▸ **Dataset excerpt**:

———

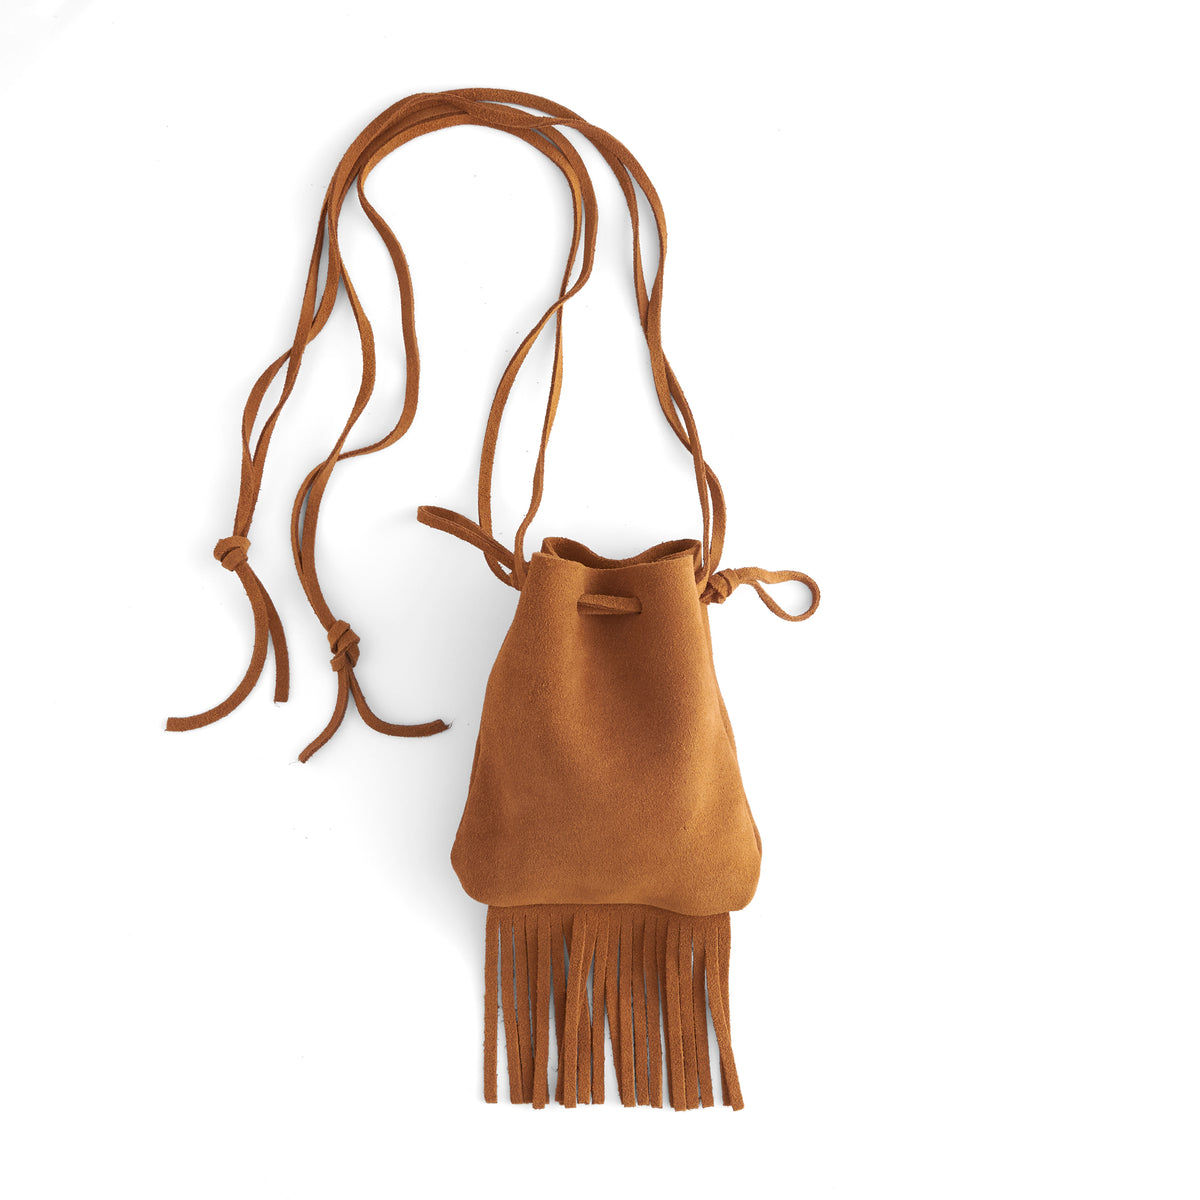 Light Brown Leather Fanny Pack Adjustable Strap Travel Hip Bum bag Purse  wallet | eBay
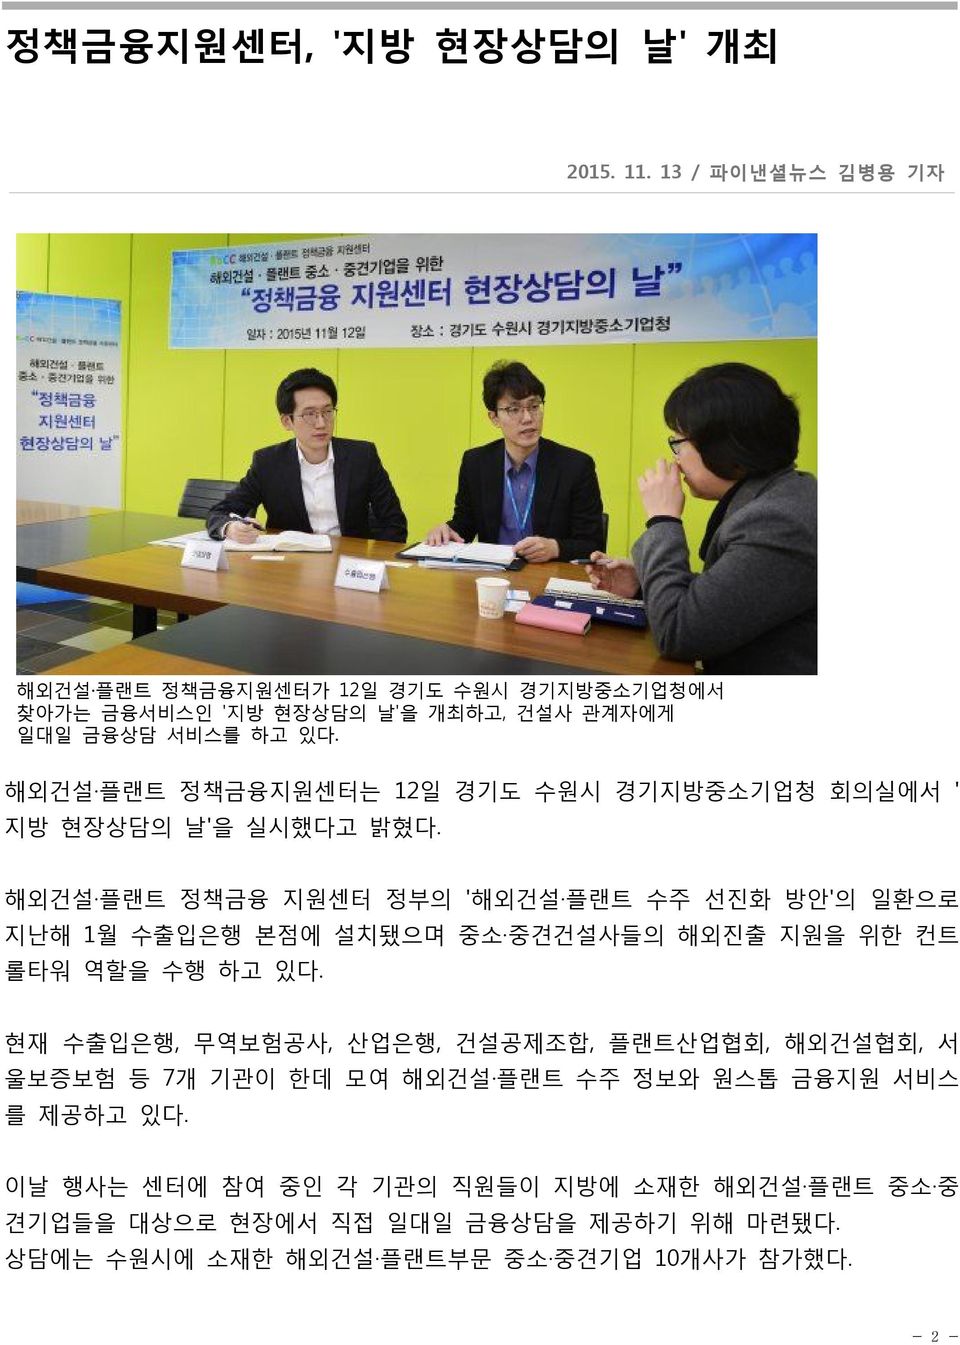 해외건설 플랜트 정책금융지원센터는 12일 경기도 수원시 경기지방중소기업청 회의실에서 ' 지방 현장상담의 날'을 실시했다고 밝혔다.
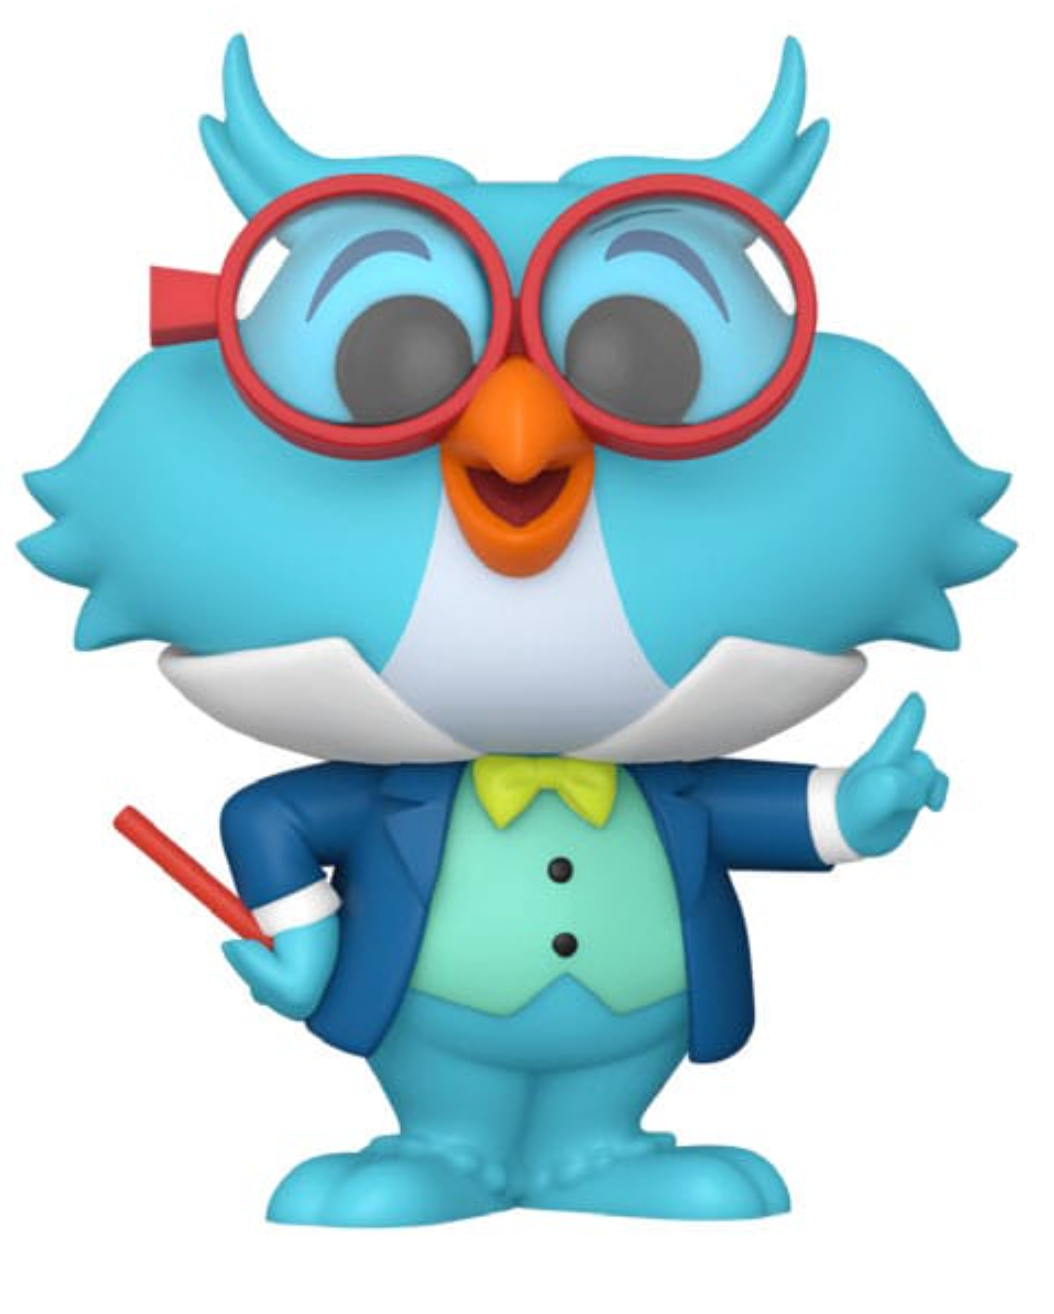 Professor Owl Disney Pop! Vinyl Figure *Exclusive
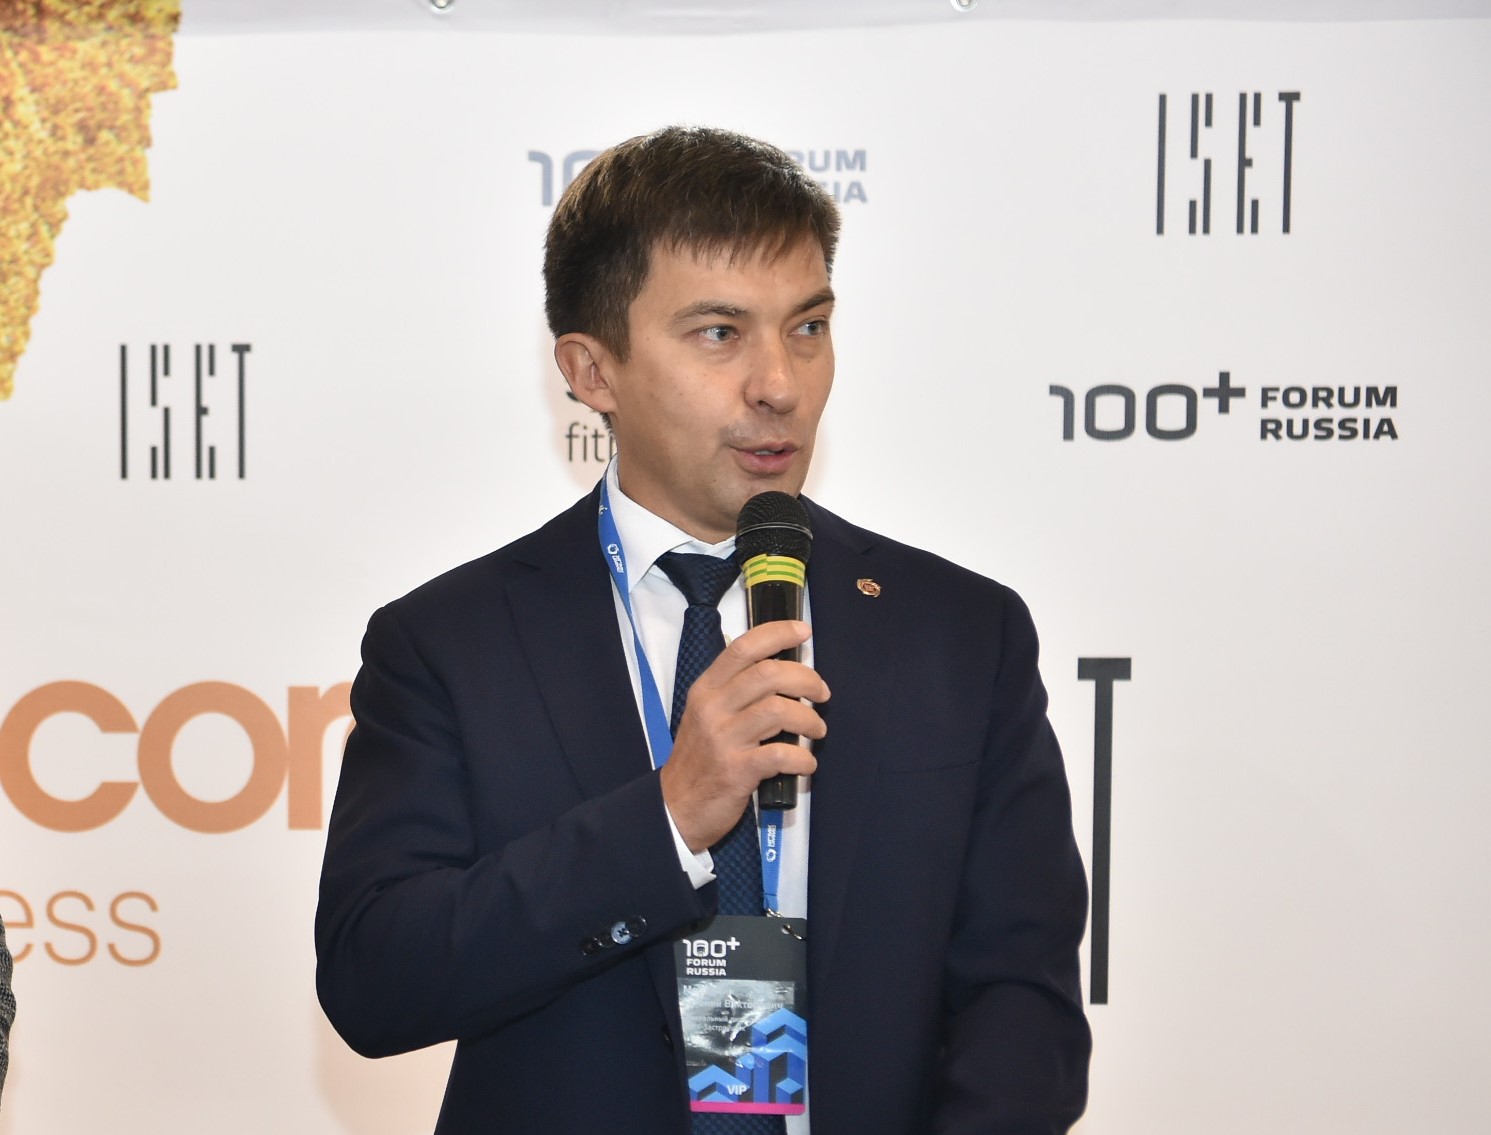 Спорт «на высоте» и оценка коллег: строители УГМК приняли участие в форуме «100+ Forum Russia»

———

▸ **Directions**:
Transcribe word for word only the lines from the one with "해외건설 플랜트 정책금융지원센터는" through the end of the listing; every picture is to be omitted.

▸ **Final answer**:
 해외건설 플랜트 정책금융지원센터는 12일 경기도 수원시 경기지방중소기업청 회의실에서 ' 지방 현장상담의 날'을 실시했다고 밝혔다.
 Professor Owl Disney Pop! Vinyl Figure *Exclusive
 Спорт «на высоте» и оценка коллег: строители УГМК приняли участие в форуме «100+ Forum Russia»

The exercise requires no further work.